I am looking for a program to convert video files of _any_ format to DVD discs (with menu subtitles etc.).

I am looking for either a paid program or freeware.

What I am looking for is a program that has better video and sound results than ConvertXtoDVD (that's the one I already have).

I do not know if this is the correct section for this thread, so I am sorry for any inconvenience caused.


----------



## JimE (Apr 16, 2009)

It's always been easier (in my eyes anyway), to simply invest in hardware that can natively play the files. It saves the time and effort used to create DVD's. It's also cheaper in the long run.

In any case, you need to keep two things in mind. First, there isn't a single tool that supports "any" format. And those that try to support all formats, have to make sacrifices in quality to keep the program functional. Second, "all in one" solutions are notorious for not allowing user control and for having quality issues (related to the first issue noted above).

As for as "all in one" tools go, ConvertXtoDVD is one of the highest rated. If you want higher quality and/or more user control you will want to look at more limited tools or spend the money on a full function DVD Authoring App. 

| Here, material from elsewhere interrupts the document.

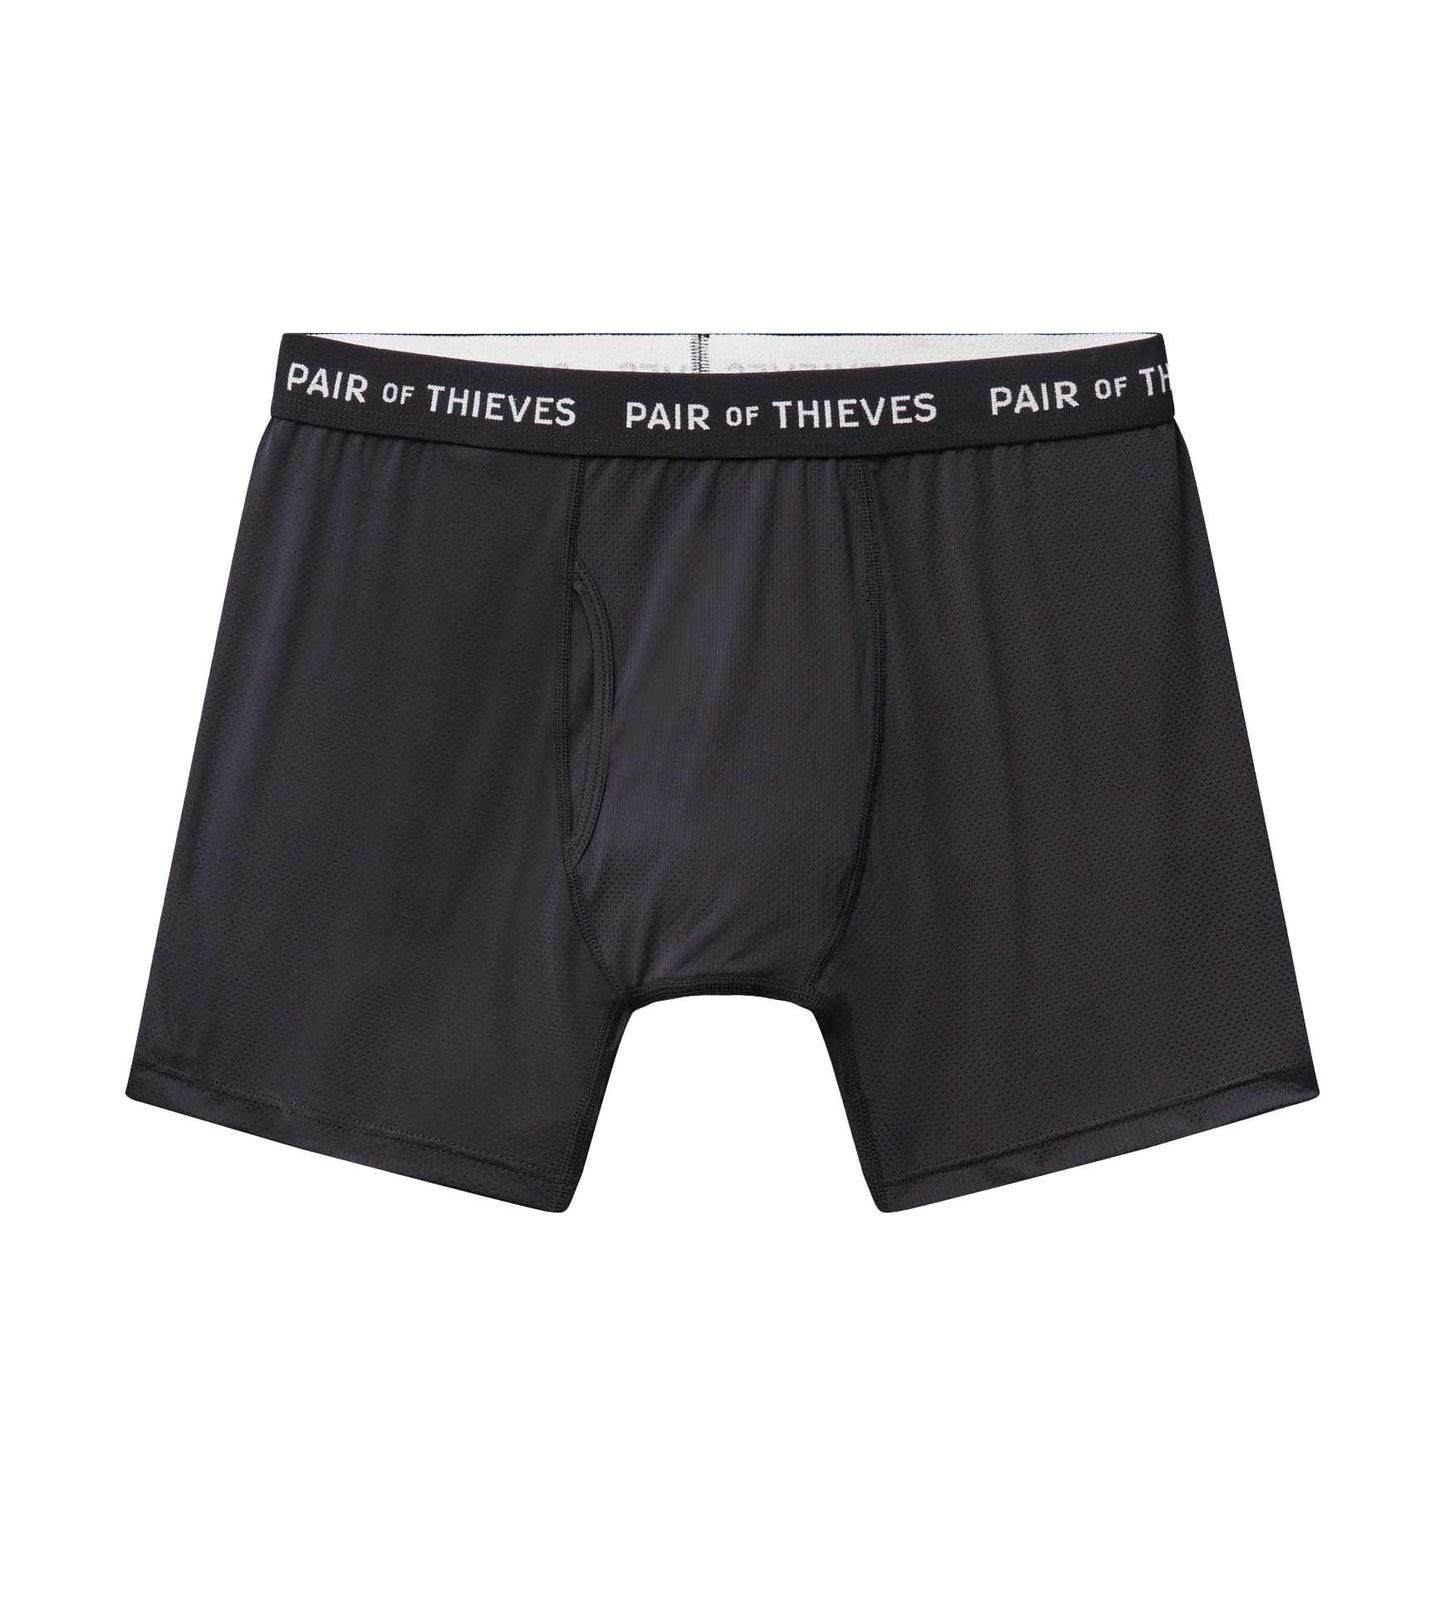 SuperFit Boxer Briefs 2 Pack - Man Cave Painting - Pair of Thieves

Keep in mind, that the problem may not be the tool. Quality will NOT be better than the original file. And each time a file is converted to a different format, the quality is reduced. This is especially noticeable when you are dealing with files that are already low resolution/quality. This is another reason to simply get a player that supports the files directly.

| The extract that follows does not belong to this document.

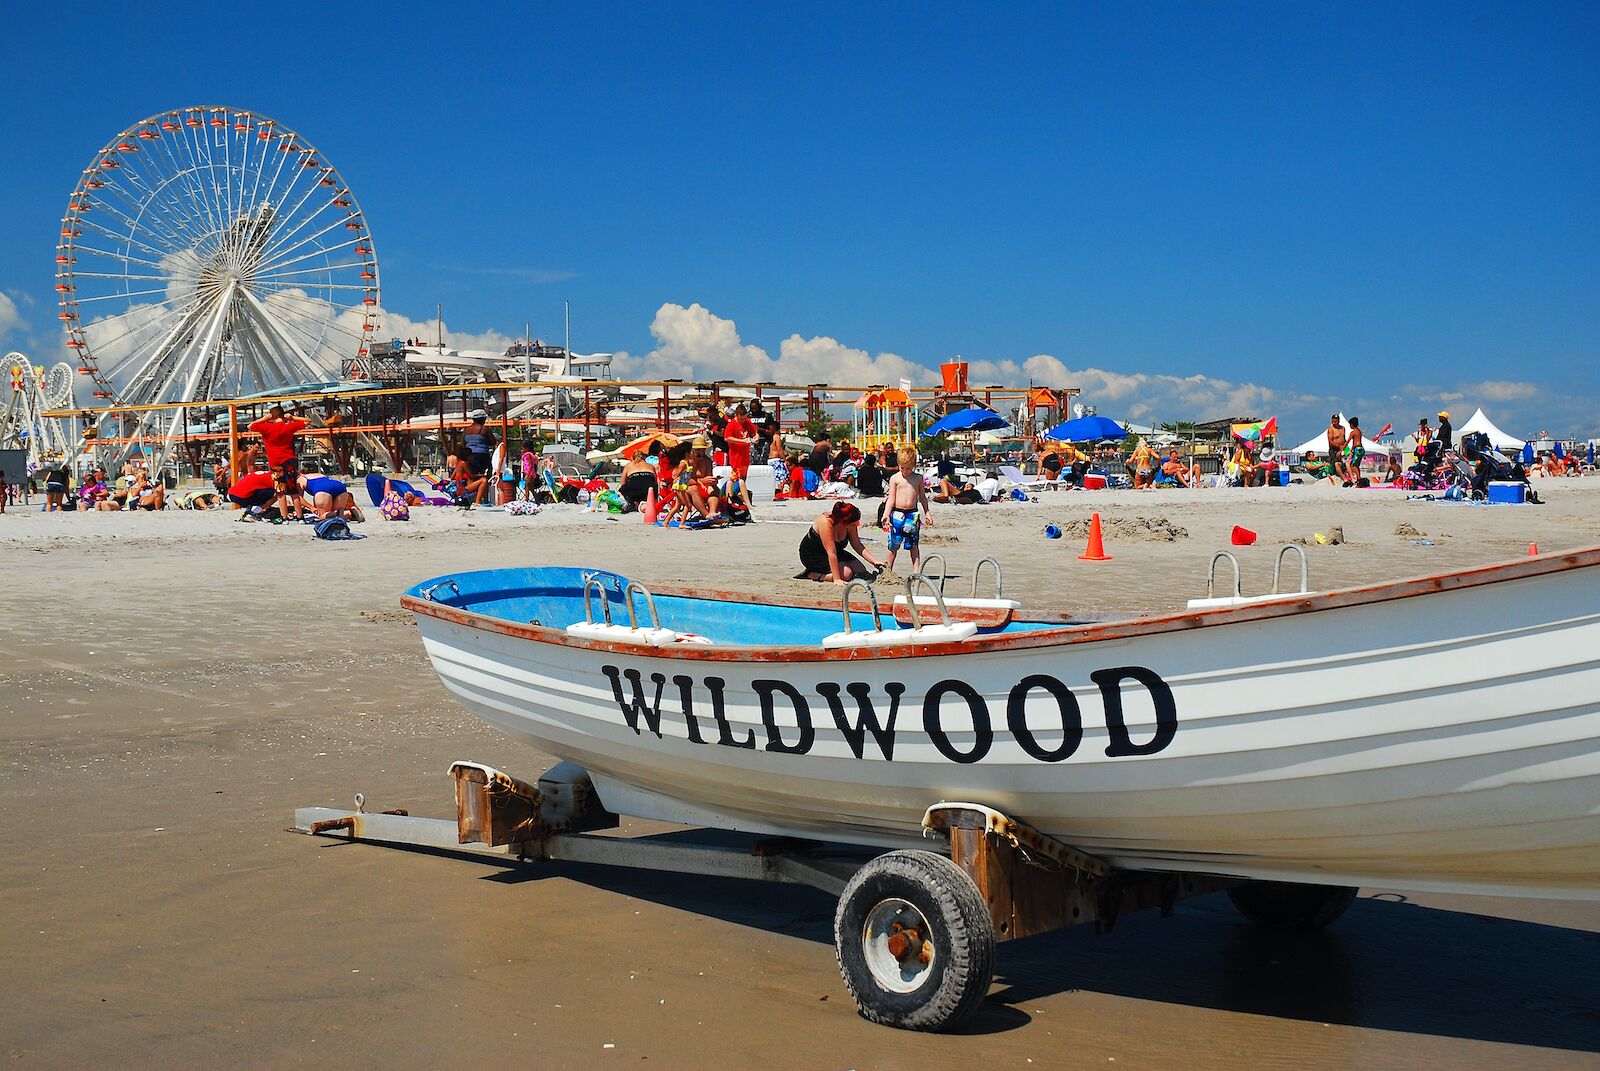 jersey shore beaches crowded wildwood beach with ferris wheel in the background

All in One tools> All In One DVD Converters - VideoHelp.com Downloads
Authoring software> Authoring (DVD) - VideoHelp.com Downloads


----------



## Liz1990 (Apr 7, 2012)

Dogg said:


> This is another reason to simply get a player that supports the files directly.


What do you mean by this? Are there devices that play video files on the TV?

Thanks a lot for the reply!


----------



## JimE (Apr 16, 2009)

Liz1990 said:


> What do you mean by this? Are there devices that play video files on the TV?
> 
> Thanks a lot for the reply!


There have been for years. Any Divx certified DVD player (the last 8 years or so) can play files without need for conversion to DVD. Now there are numerous devices that have hardware support for file playback: DVD Players, TV's, xBox, PS3, or standalone devices such as the WD TV Live.


----------



## Liz1990 (Apr 7, 2012)

Ok.

I tried plugging my external HDD to the USB port of my TV and play a movie file. But the video was too dark and too small (i am using a 24 inch Sony TV). Any suggestions? The movie was a DVDRip. Maybe if i used a BRRip things would be better?


----------



## JimE (Apr 16, 2009)

It would depend on the how the file was created. A "RIP" is basically two parts. First, the data has to be removed (ie: RIPped) from the DVD. Second, it has to be converted into a video format.

The first part, does not alter the data. You have the same data on your HDD that was on the disc. So if the video is different from the original, it was changed during the conversion process. Use a different tool for the conversion and/or choose a different output format.


----------